Душу ярким пламенем обжигали бесчисленные вопросы, ни один из которых я так и не сумела озвучить вслух, сохранив в лице ледяную стойкость. Этому научил меня Кёджуро — быть терпеливой, не спрашивать лишний раз, чтобы потом не пожалеть, а так хотелось! Сладостно манило разузнать, кем же был мужчина на самом деле, да так боязно одновременно — словами не передать! Я тешила себя отчаянными надеждами: может, он такой же, как и я — повелитель дверей? Или обычный человек, в чьи владения я вторгалась без позволения — человек, но всё-таки живой! Интересно, помнил ли он наши встречи, вырываясь из объятий сновидений?
«Настоящий я, настоящий, живее всех других!» — бесчисленное количество раз твердил Санеми, этот кактус, гордо задирая нос.
Жил, дышал, раздражал людей и доводил их до посинения своими колючими выходками. На фоне всего этого умудрялся и жаловаться — видите ли, когда просыпался, то никак не мог вспомнить ни моего лица, ни имени, вообще ничего. Сам забыл, разозлился, потряс кактусовым цветком на макушке, но виноватой оказалась я! Амнезия отступала, стоило негоднику вновь окунуться с головой в навязчивые грёзы — а Кёджуро? Что происходило у него в голове? Интересно, как он жил по ту сторону — были ли у него друзья, семья
Отныне могла я только терзать себя догадками. Сожаление властвовало и давило — совершенно беспощадно и дико! Всё, что я могла — это молиться божествам загадочных грёз, чтобы встречи длились как можно дольше и не прекращались. Но невидимые властелины сновидений, словно играясь со мной и моим тревожным сердцем, делали сладостные мгновения бесправно короткими, мимолётными и такими редкими. Мне оставалось запастись терпением, бессильно смотреть и наблюдать, как родные, яркие черты лица Кёджуро маняще оставались близко и так далеко одновременно. Казалось, прикоснулась бы я рукой к золотистой волне его волос, ощутила бы под пальцами приятную мягкость и пушистость, словно поглаживала ласковые вечерние облака. Однако, суровые грёзы оставались непоколебимы и жестоки — приходилось наслаждаться моментом уныло со стороны.

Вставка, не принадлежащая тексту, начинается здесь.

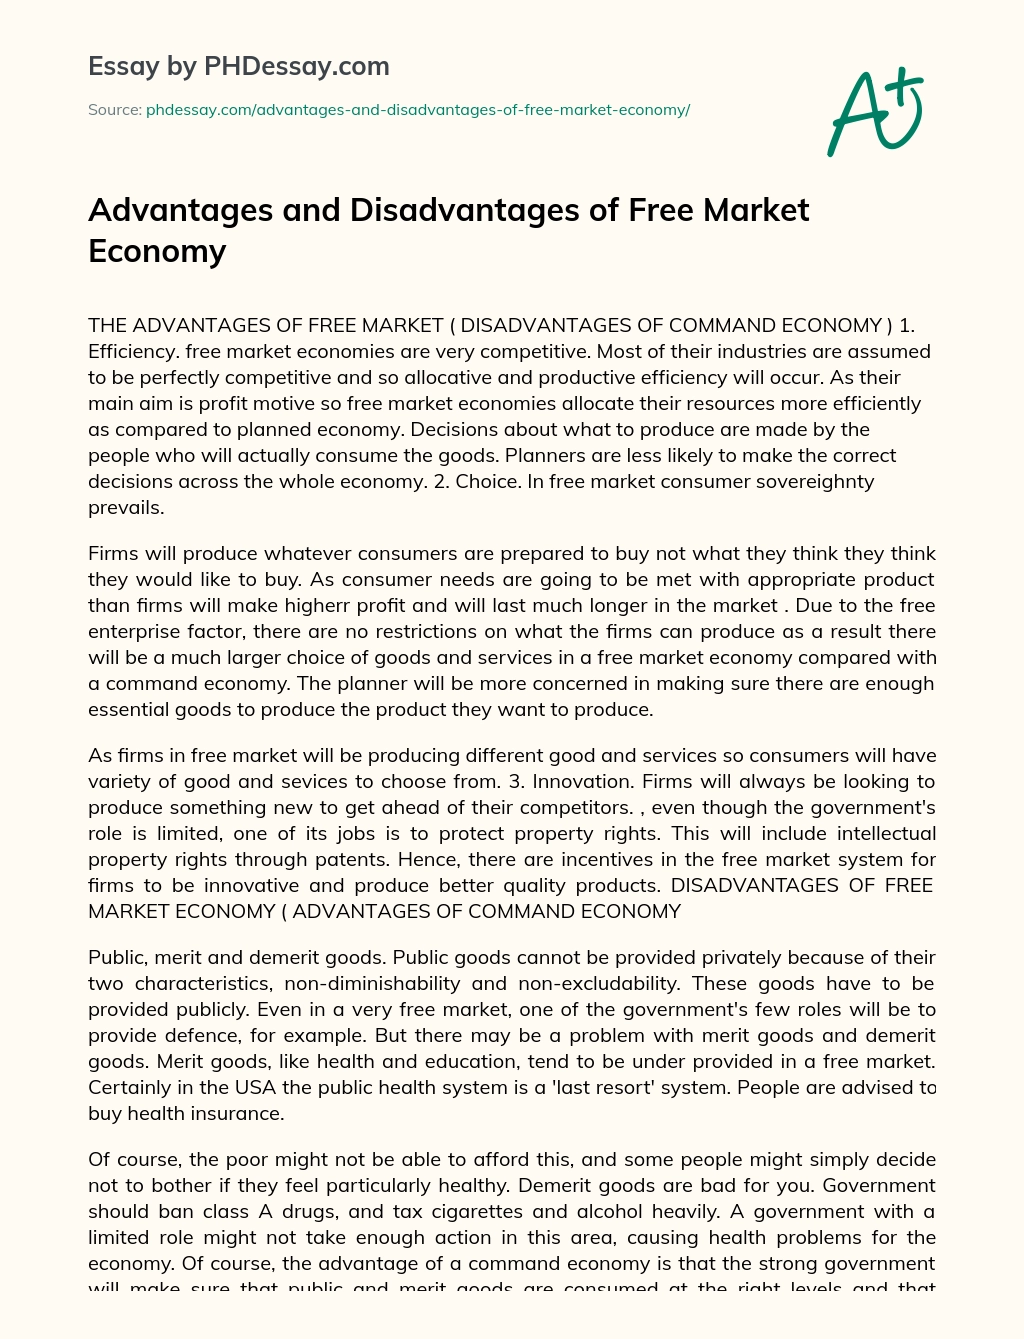 Advantages and Disadvantages of Free Market Economy essay

Как, например, сейчас. Это был очередной жестокий сон.
«Всё готова отдать, променять самые прекрасные миры на то, чтобы Кёджуро вновь меня позвал по имени! — с содроганием думала я, слёзы градом понеслись по щекам, обжигая подбородок и губы, спадая на худые ноги. — Почему я стала такой ненасытной? Почему этих коротких, безмолвных встреч с каждым разом становится мало? — размышляла я и понимала, что ответ уже давно расцвёл в тревожном, беспокойном сердце».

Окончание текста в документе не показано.